The psychopaths of the Xtian right and the oh-so-clever champions of unchecked corporate greed have been very successful in their mission to prevent regular people from freely accessing and debating ideas.

Nonsense. Ever hear of book stores? Just because you can’t get something free, handed to you courtesy of the taxpayer, doesn’t mean you’re deprived of access. Go buy one. The author will thank you.

The Adventures of Huckleberry Finn.

The Satanic Verses by Salman Rushdie. As funny as Mark Twain.
Am I under a fatwa now?

Nothing sparks my interest in a book like hearing it was banned somewhere. I may take a look at it and find out I’m not interested in reading it anyway, but at least I’ll check it out. If I ever write a book, I hope it is insightful, compelling, and truthful enough to have someone want to ban it.

The Satanic Verses is superb indeed.

Years ago my Iowa high school’s arch-rival high school (Kanawha, Iowa) banned The Grapes of Wrath because it was a “dirty” book. We could always count on Kanawha kids for the worst sportsmanship in the old North Star Conference. . . and as I recall, more than a few (gasp) unwed mothers to give the rest of us North Iowa teenagers something to gossip about.
But they didn’t read any dirty books in Kanawha, no siree!

jjpulczinski Sep 28 2006
5:18 pm

I recall hearing that back in the days of serfdoms and fiefdoms, they kept the masses deliberately ignorant so they could not be exposed to seditious ideas and overthrow their lords. I recall hearing that in the days of slavery it was a crime to teach a slave to read and a slave who could read was severely punished so they could not incite the other slaves to stage an uprising. Reading is dangerous to the Powers That Be.
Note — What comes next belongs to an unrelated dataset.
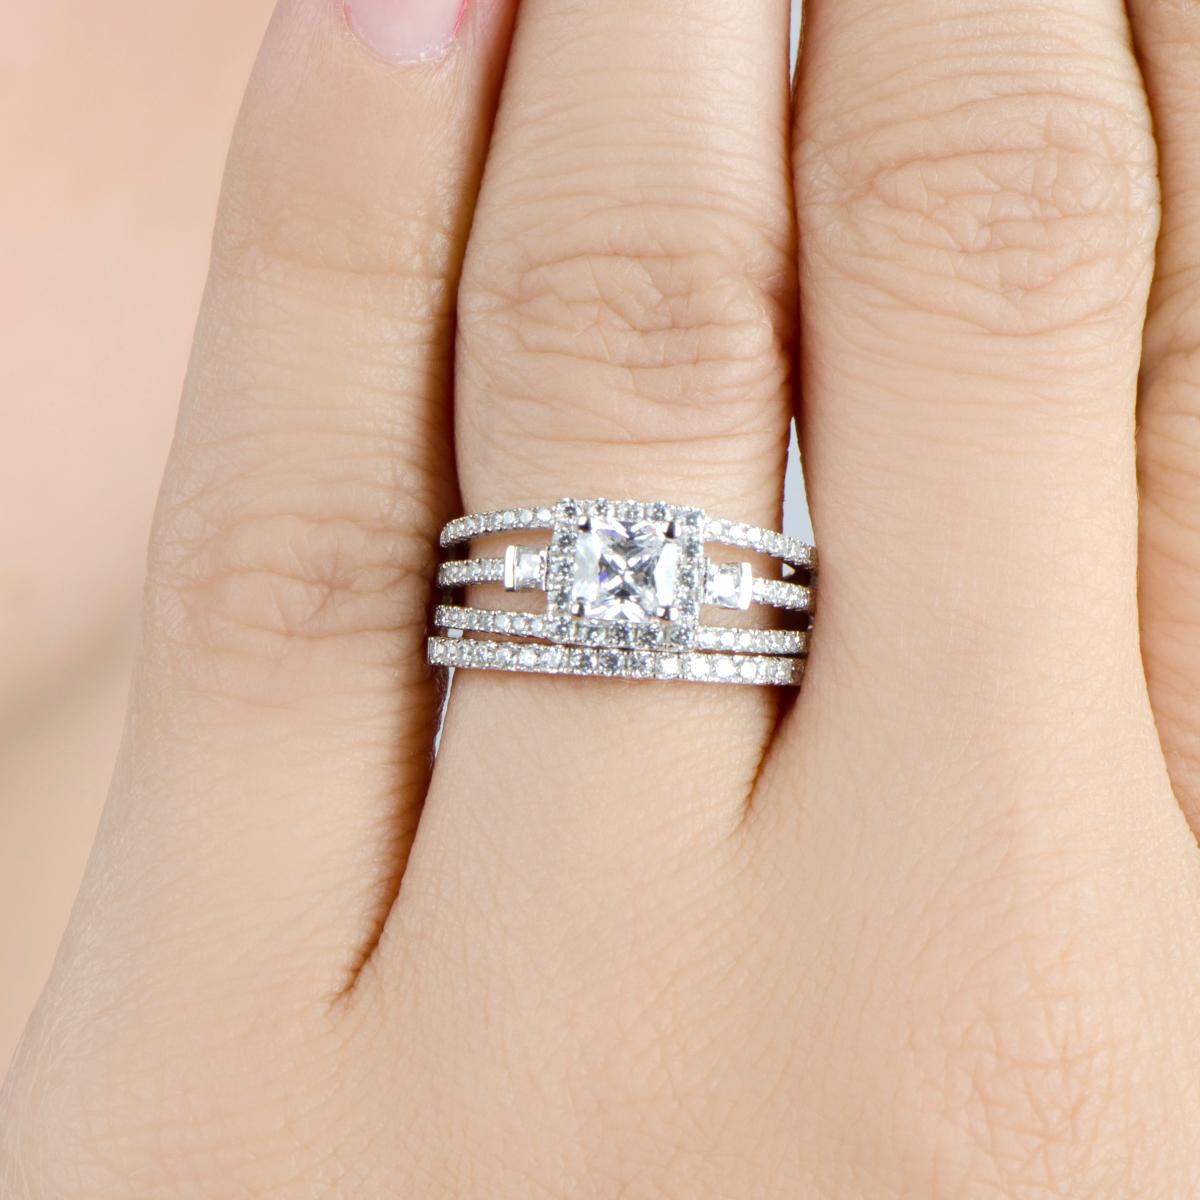 3 Stone Princess Cut Diamond Wedding Anniversary Ring Band Set 925

Leave it to Fundamentalist, Conservative America to continue the pogrom against BOOKS WITH IDEAS to keep the masses ignorant. By the way, I noticed a comment that one can simply go buy the book if it is unavailable in school or at the library. Yeah, maybe some people can, but I would think many people are too busy feeding their kids to pay bookstore prices for banned books. Banning books is one way of keeping the poor and ignorant, poor and ignorant. Ignorance is lack of access to knowledge, not inability to learn.